SOURCE DATA>
»»

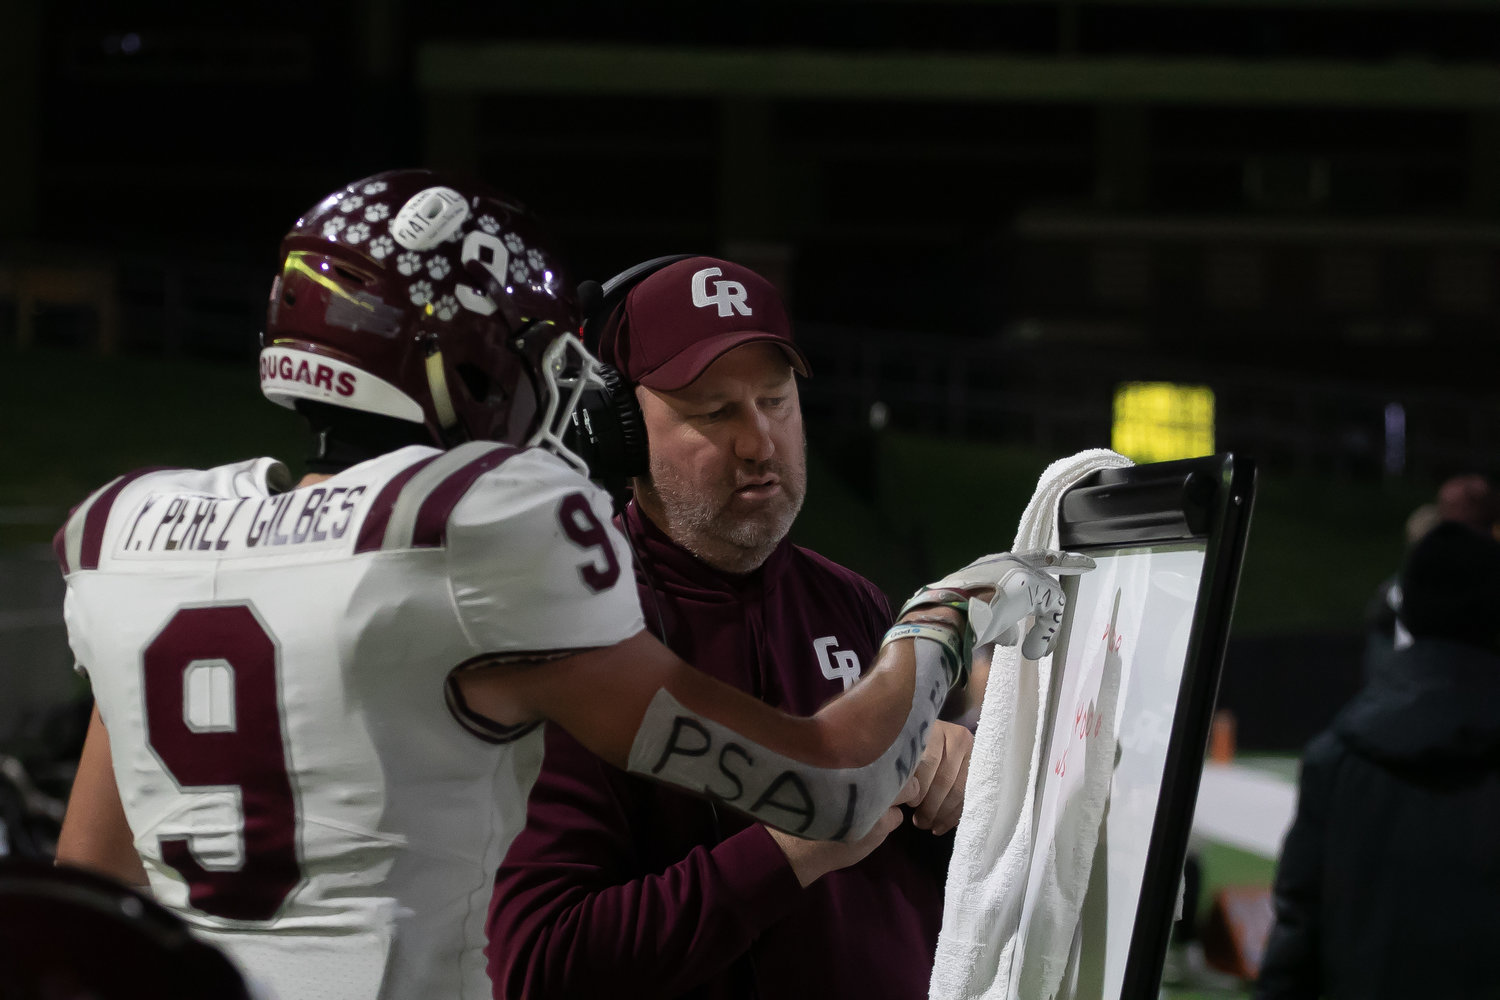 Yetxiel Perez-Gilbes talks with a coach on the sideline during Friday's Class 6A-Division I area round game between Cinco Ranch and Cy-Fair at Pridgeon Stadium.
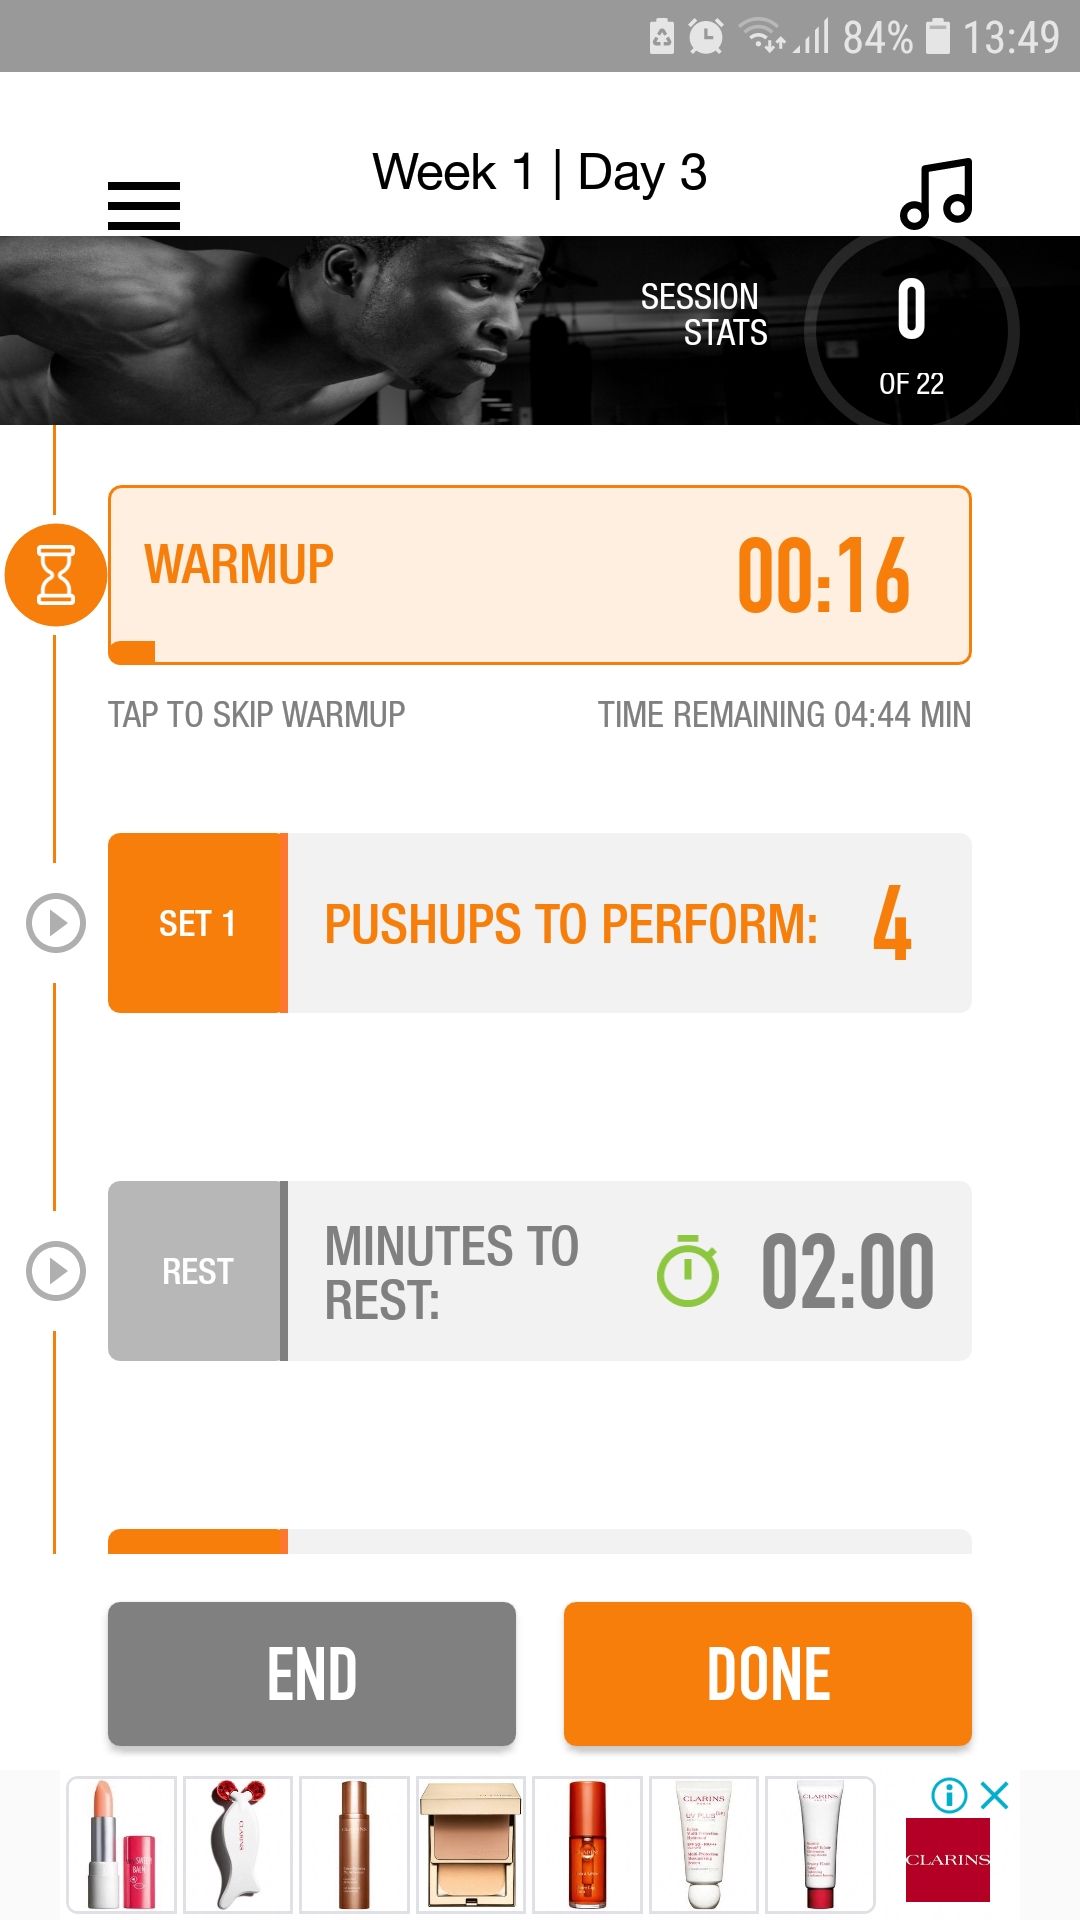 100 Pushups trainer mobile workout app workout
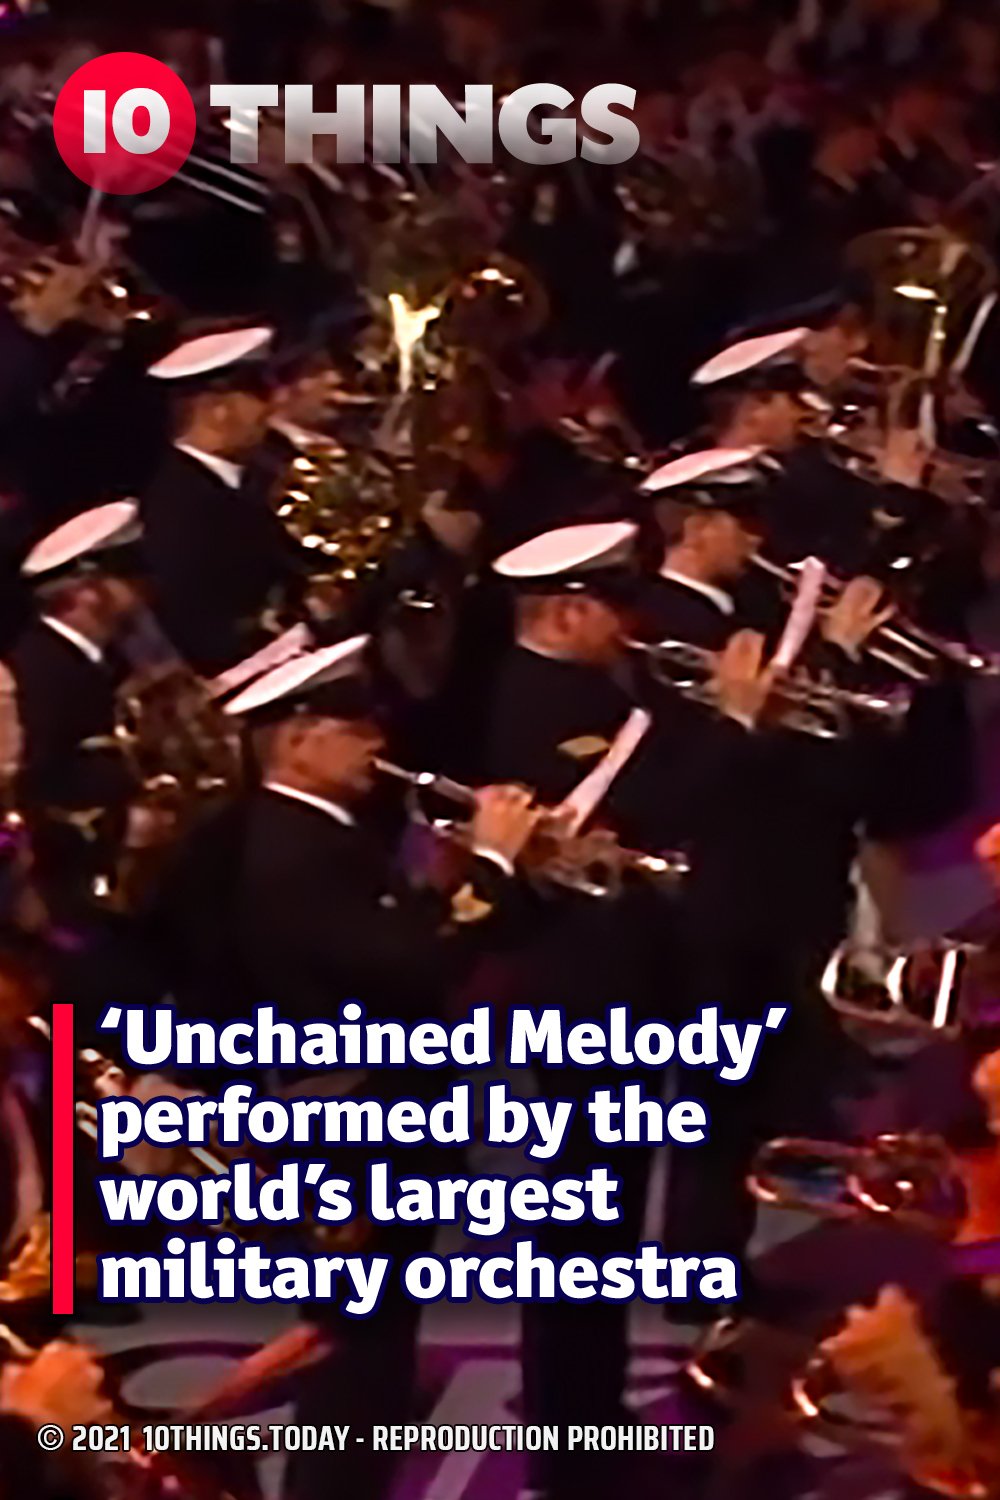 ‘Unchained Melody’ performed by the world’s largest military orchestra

««

Once the pictures are removed, copy the material above exactly.

RESPONSE BELOW>
 Yetxiel Perez-Gilbes talks with a coach on the sideline during Friday's Class 6A-Division I area round game between Cinco Ranch and Cy-Fair at Pridgeon Stadium.
 100 Pushups trainer mobile workout app workout
 ‘Unchained Melody’ performed by the world’s largest military orchestra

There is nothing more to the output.